======== THE INPUT

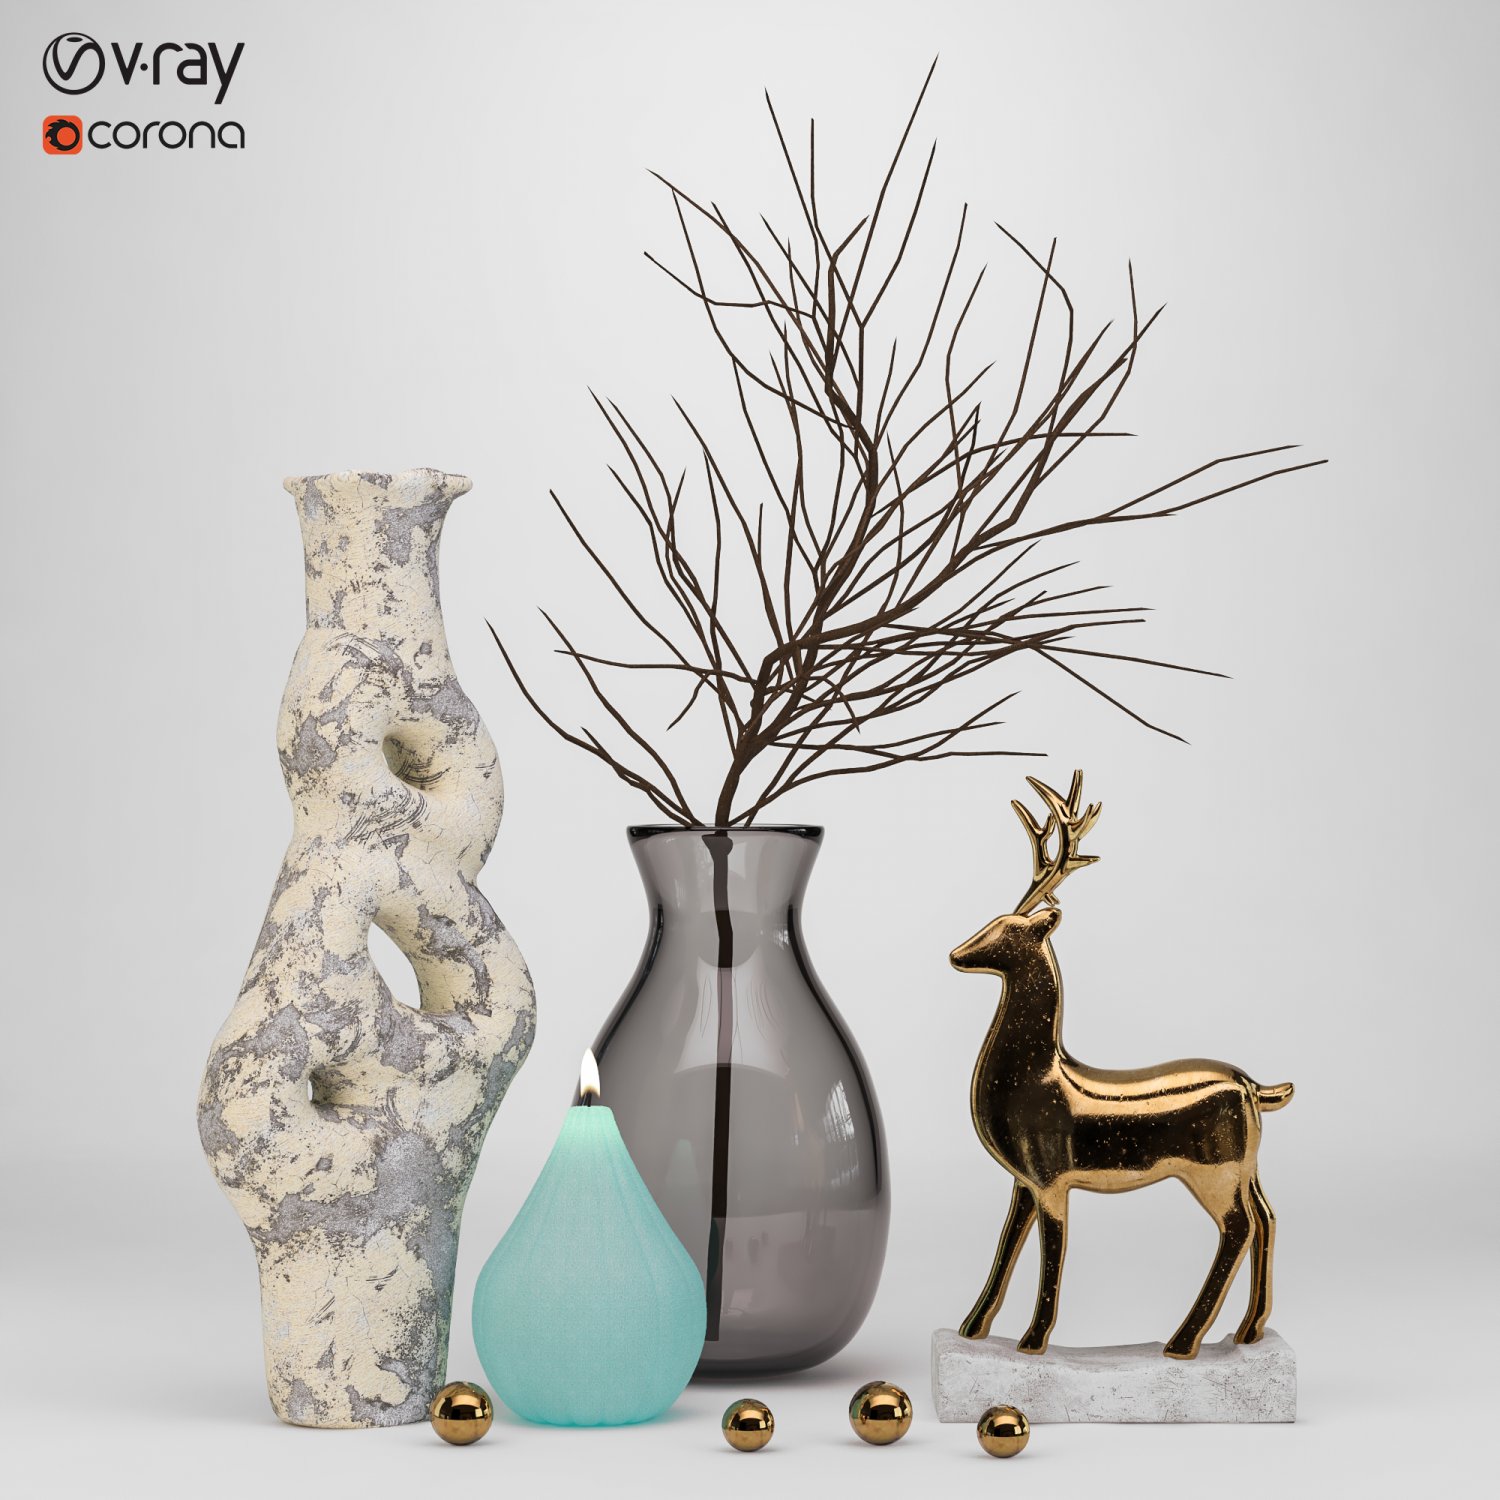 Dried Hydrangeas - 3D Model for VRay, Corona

================
======== THE INPUT

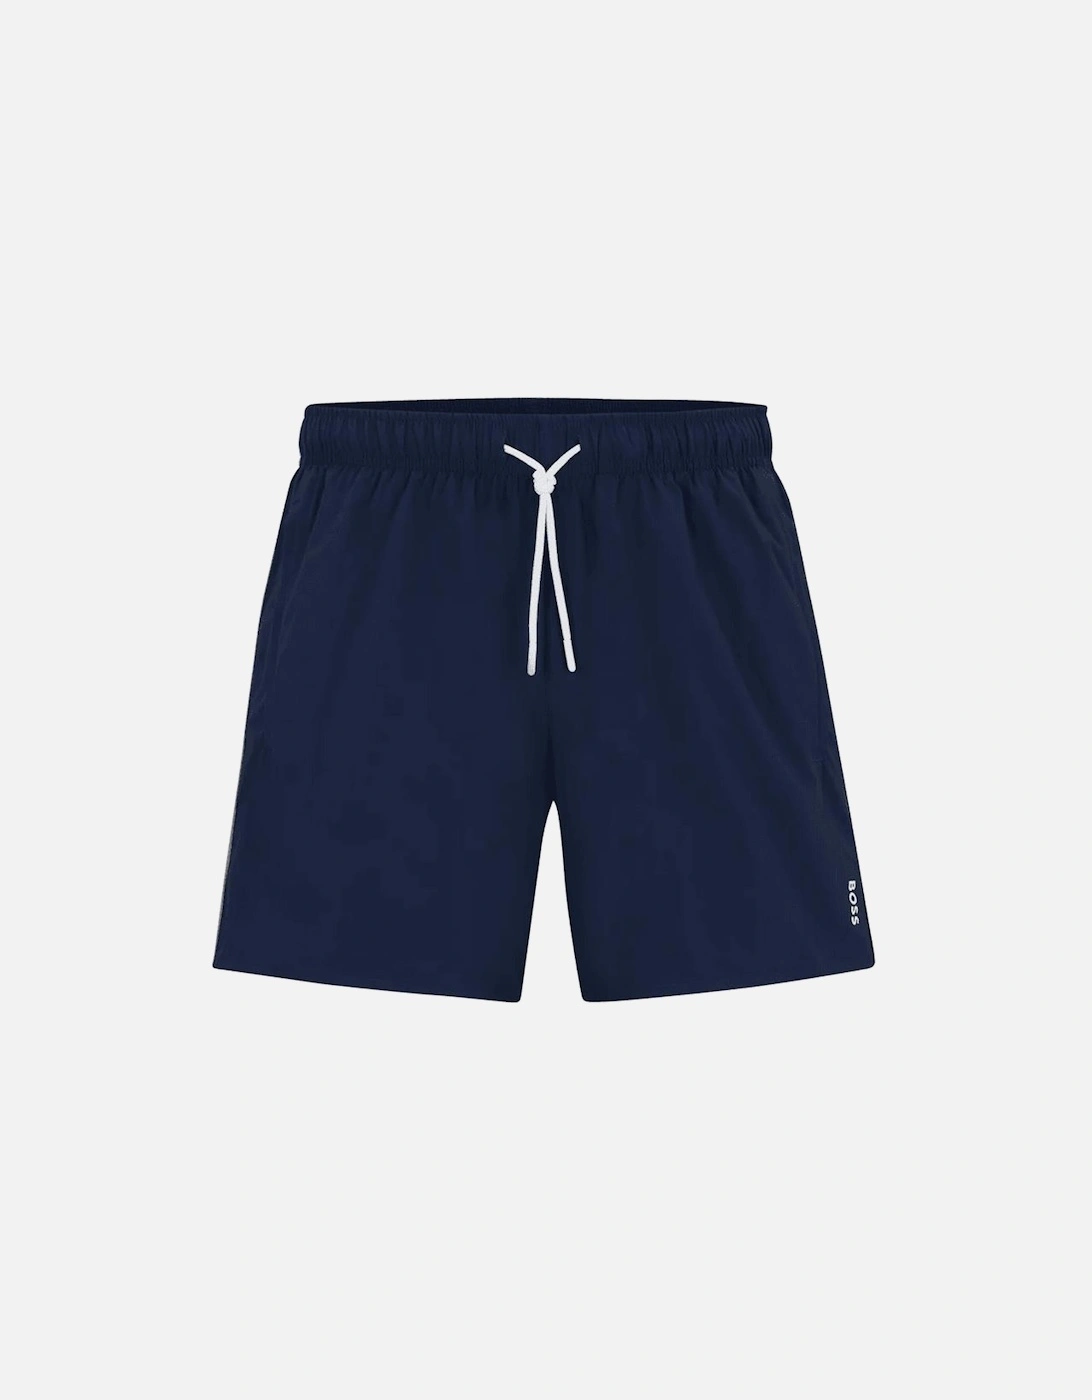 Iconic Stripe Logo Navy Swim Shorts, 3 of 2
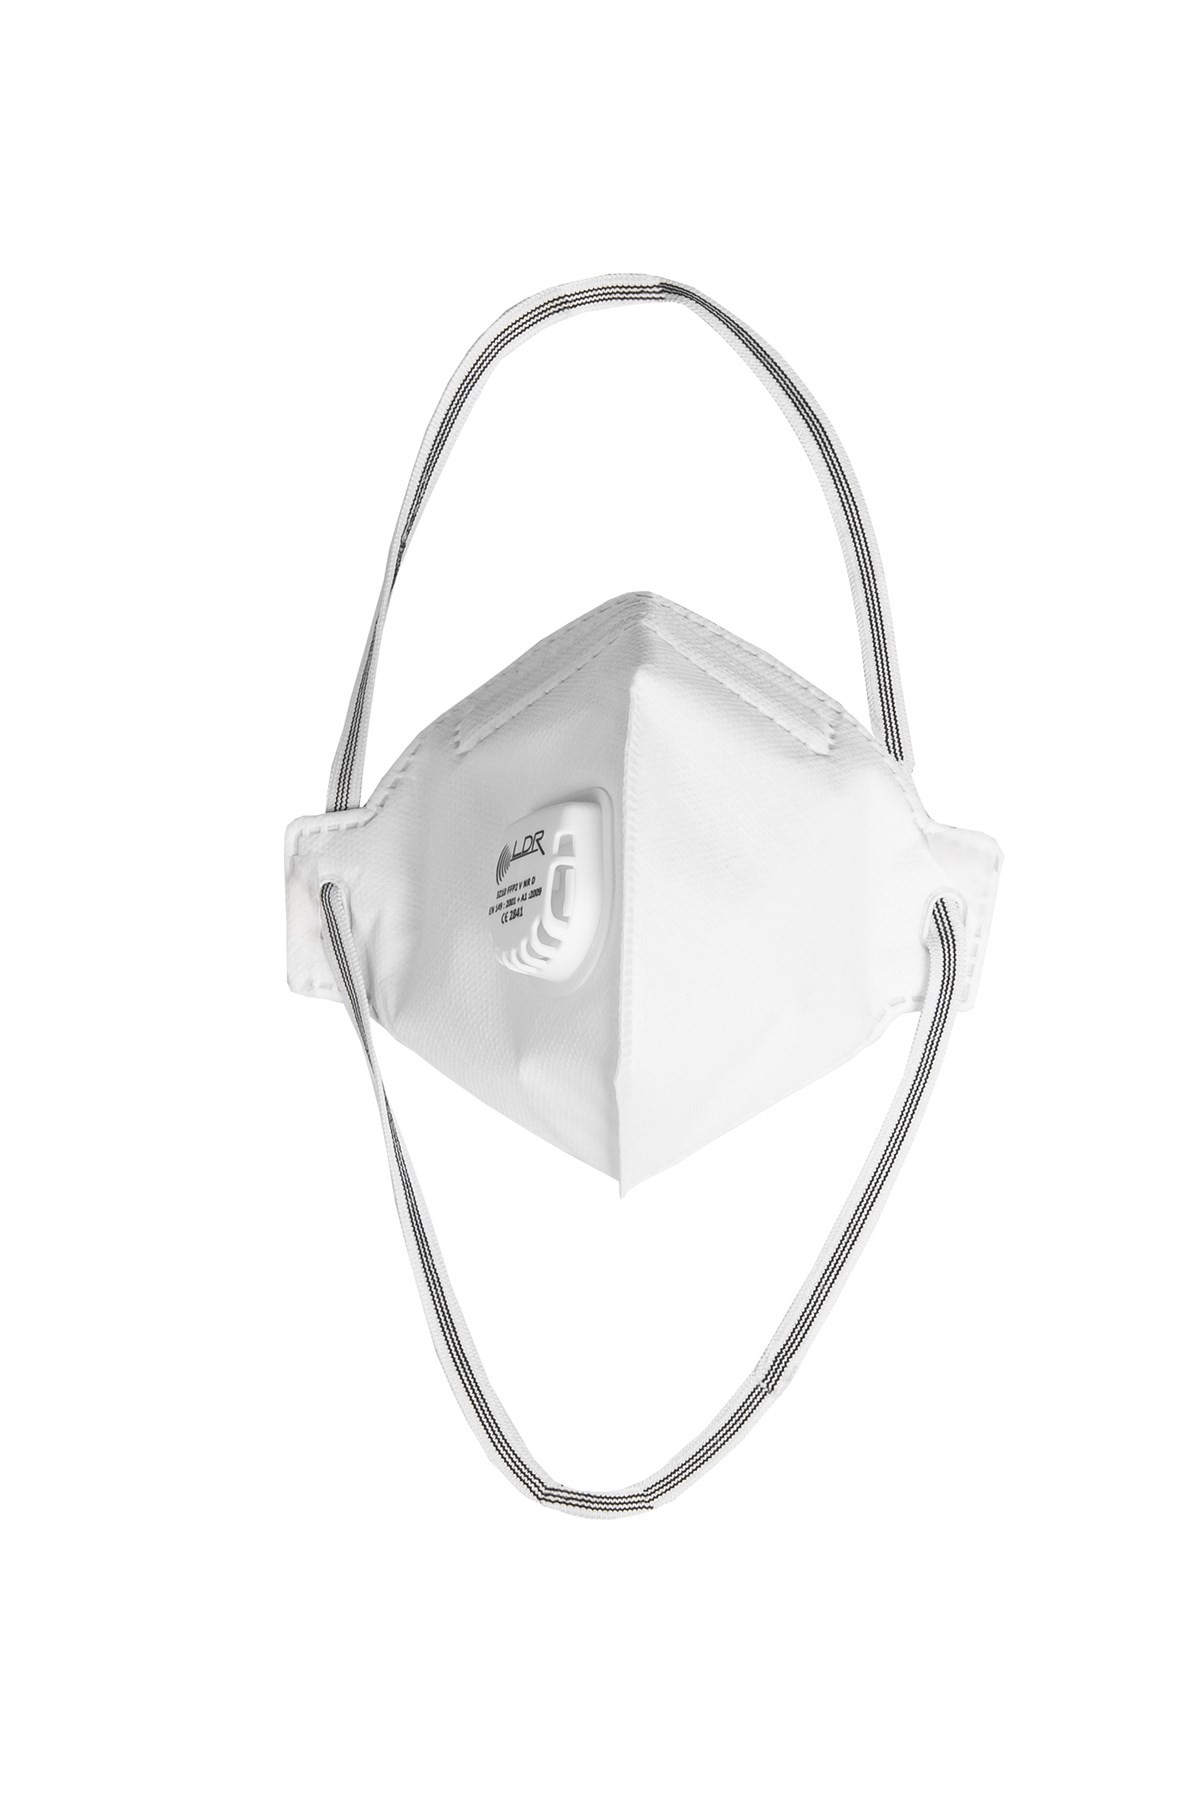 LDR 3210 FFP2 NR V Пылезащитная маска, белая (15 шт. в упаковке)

================
======== THE INPUT

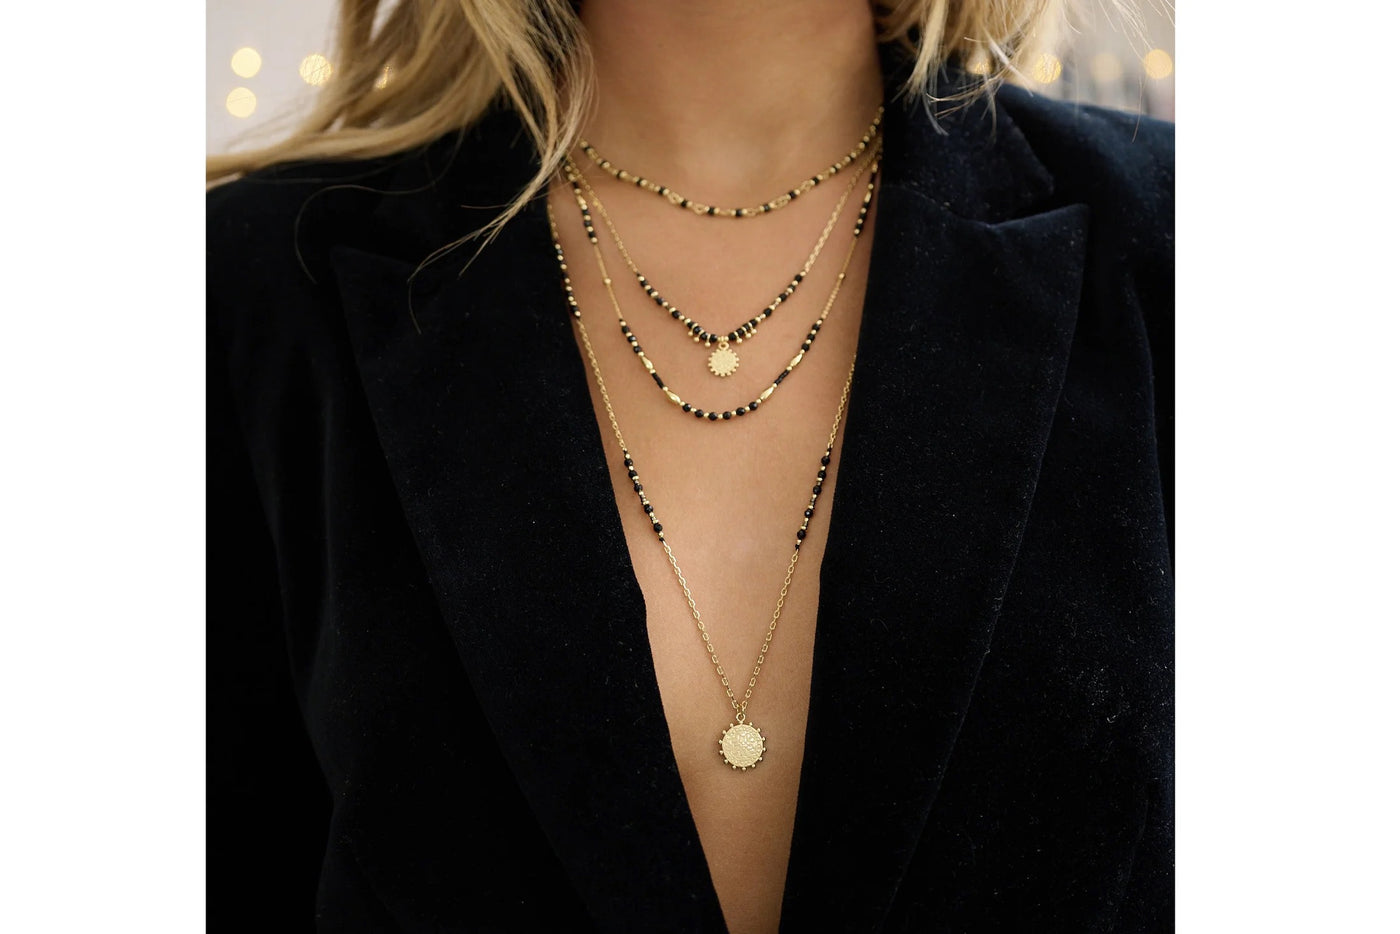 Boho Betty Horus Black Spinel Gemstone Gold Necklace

================

Using the data above, retype exactly the lines from the line with "Iconic Stripe Logo Navy Swim Shorts, 3 of 2" to the line with "LDR 3210 FFP2", inclusive. No pictures and nothing else.

### [WRITTEN SOLUTION]
 Iconic Stripe Logo Navy Swim Shorts, 3 of 2
 LDR 3210 FFP2 NR V Пылезащитная маска, белая (15 шт. в упаковке)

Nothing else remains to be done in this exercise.